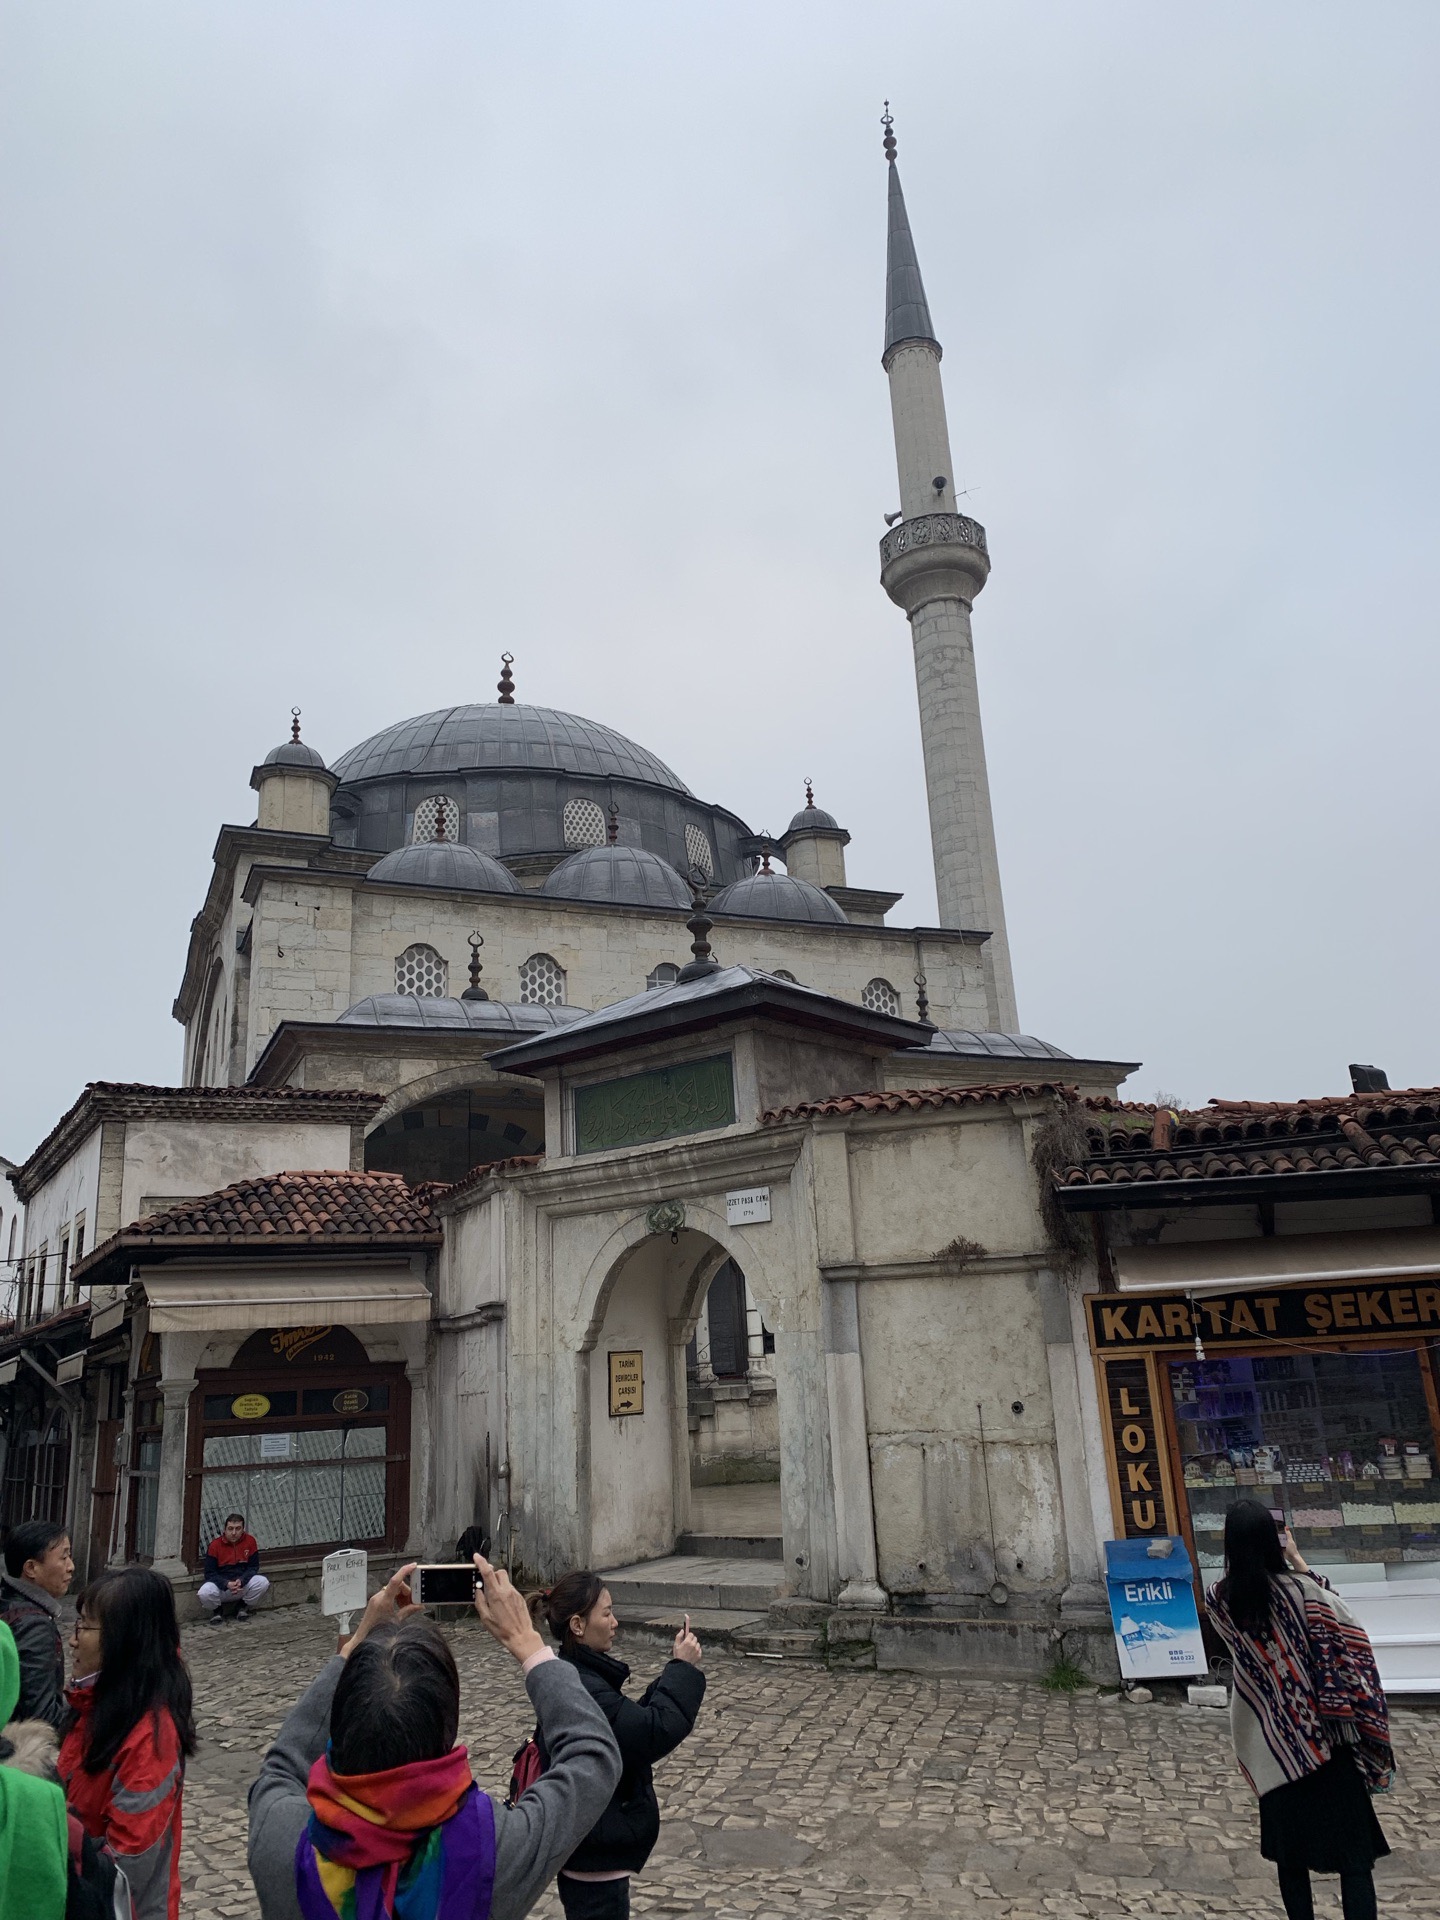 位于土耳其西黑海地区的番红花古镇保留了奥斯曼土耳其帝国时期的历史文化，
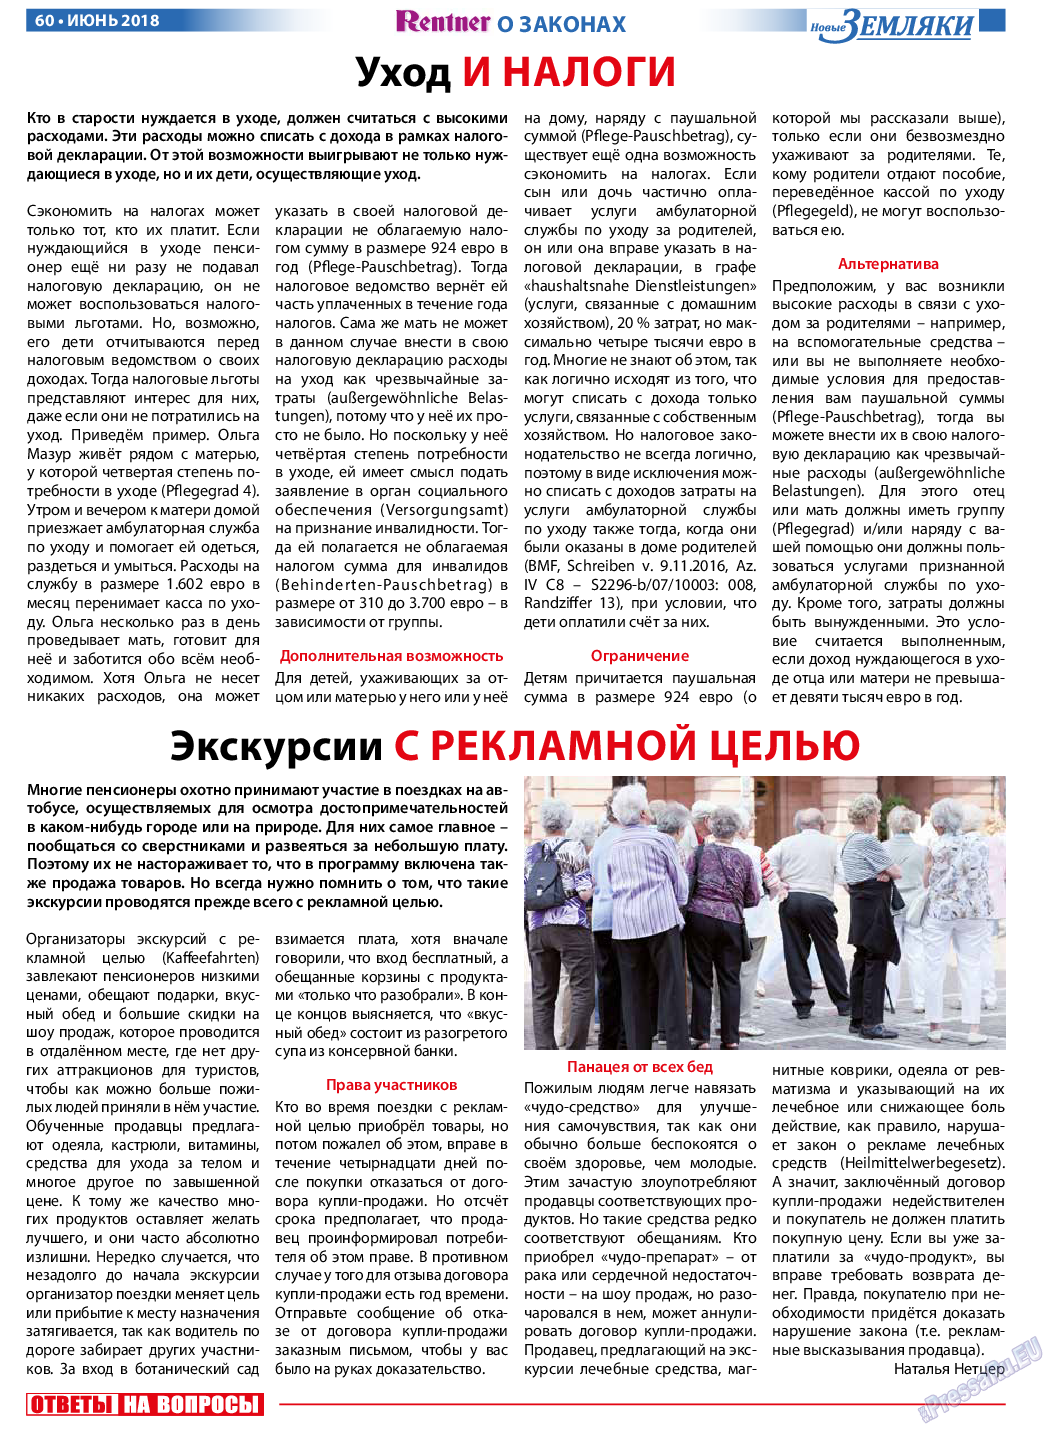 Новые Земляки, газета. 2018 №6 стр.60
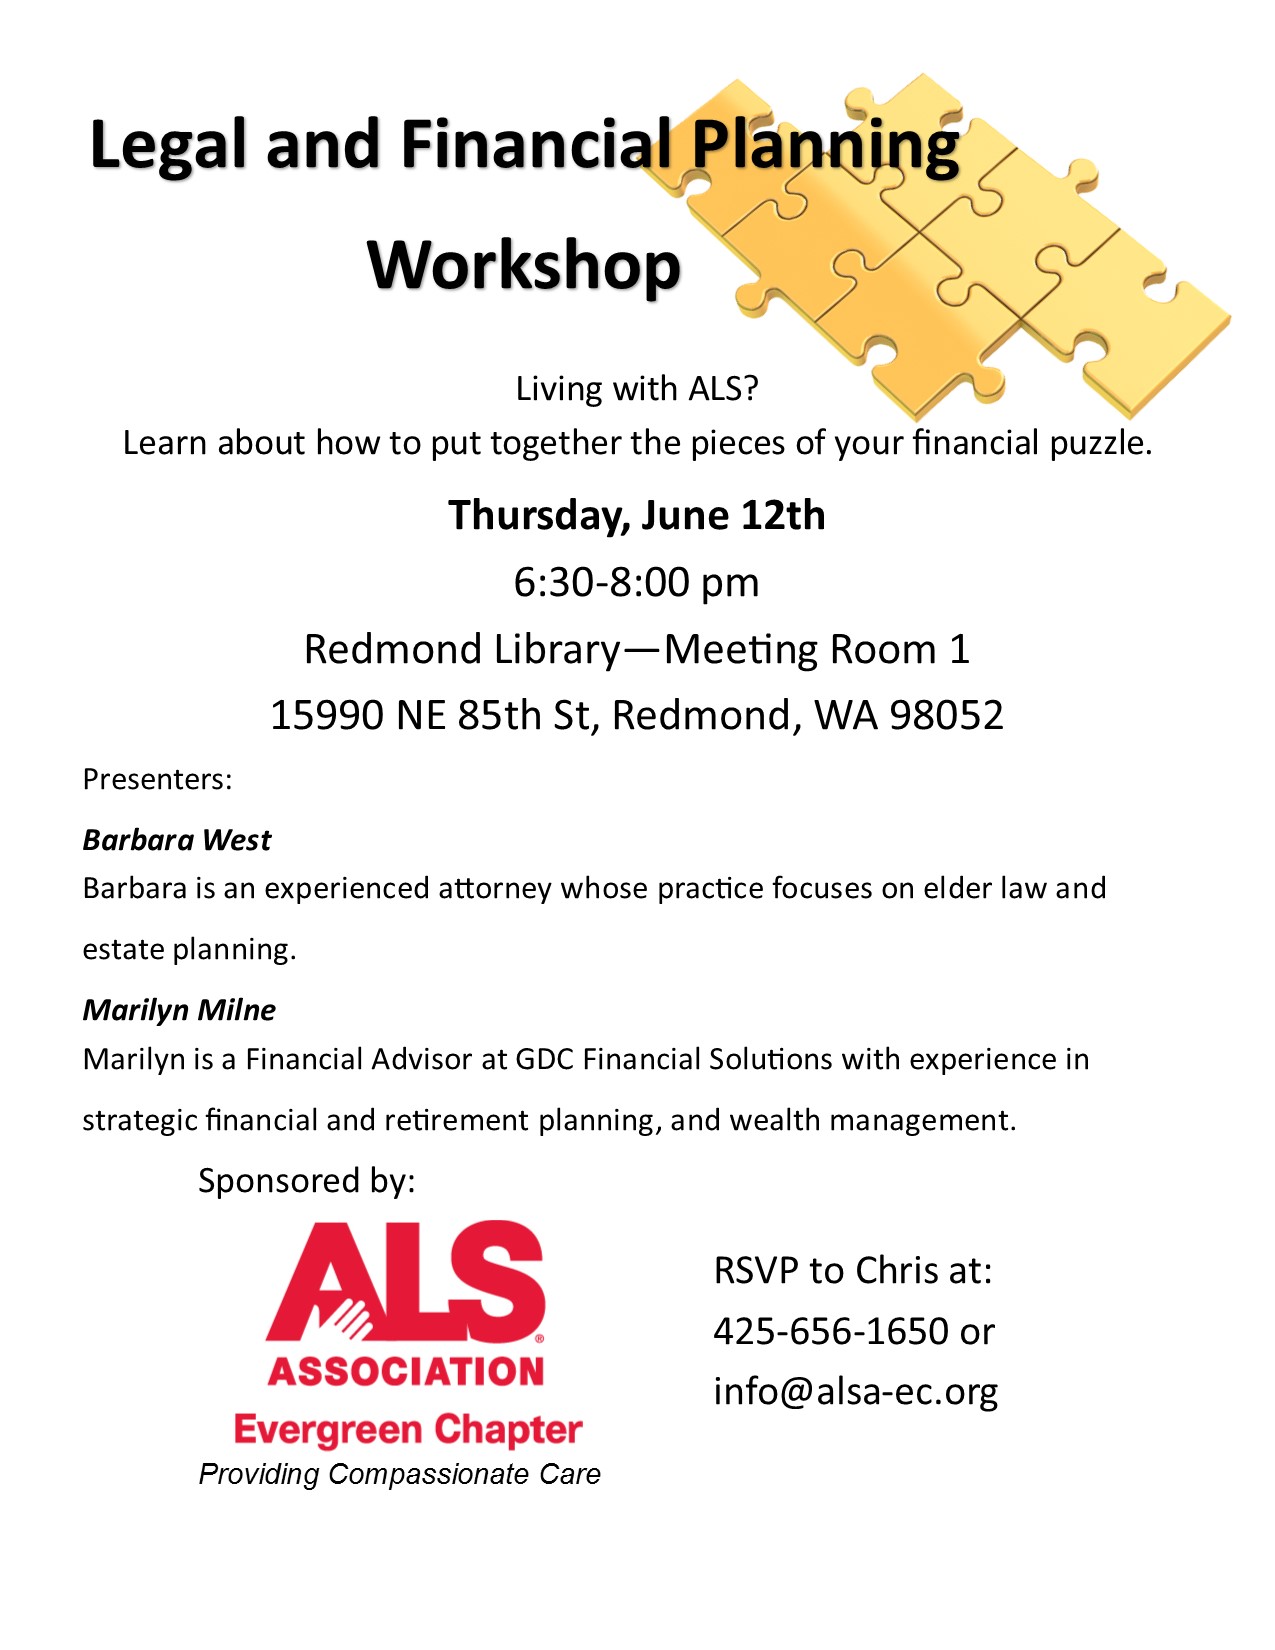 Financial & Legal Planning Workshop Flyer.jpg
- - -
WHAT TO DO:
Please output the data above exactly as given, omitting every picture.

OUTPUT FOR THIS EXERCISE:
 位于土耳其西黑海地区的番红花古镇保留了奥斯曼土耳其帝国时期的历史文化，
 Новые Земляки, газета. 2018 №6 стр.60
 Financial & Legal Planning Workshop Flyer.jpg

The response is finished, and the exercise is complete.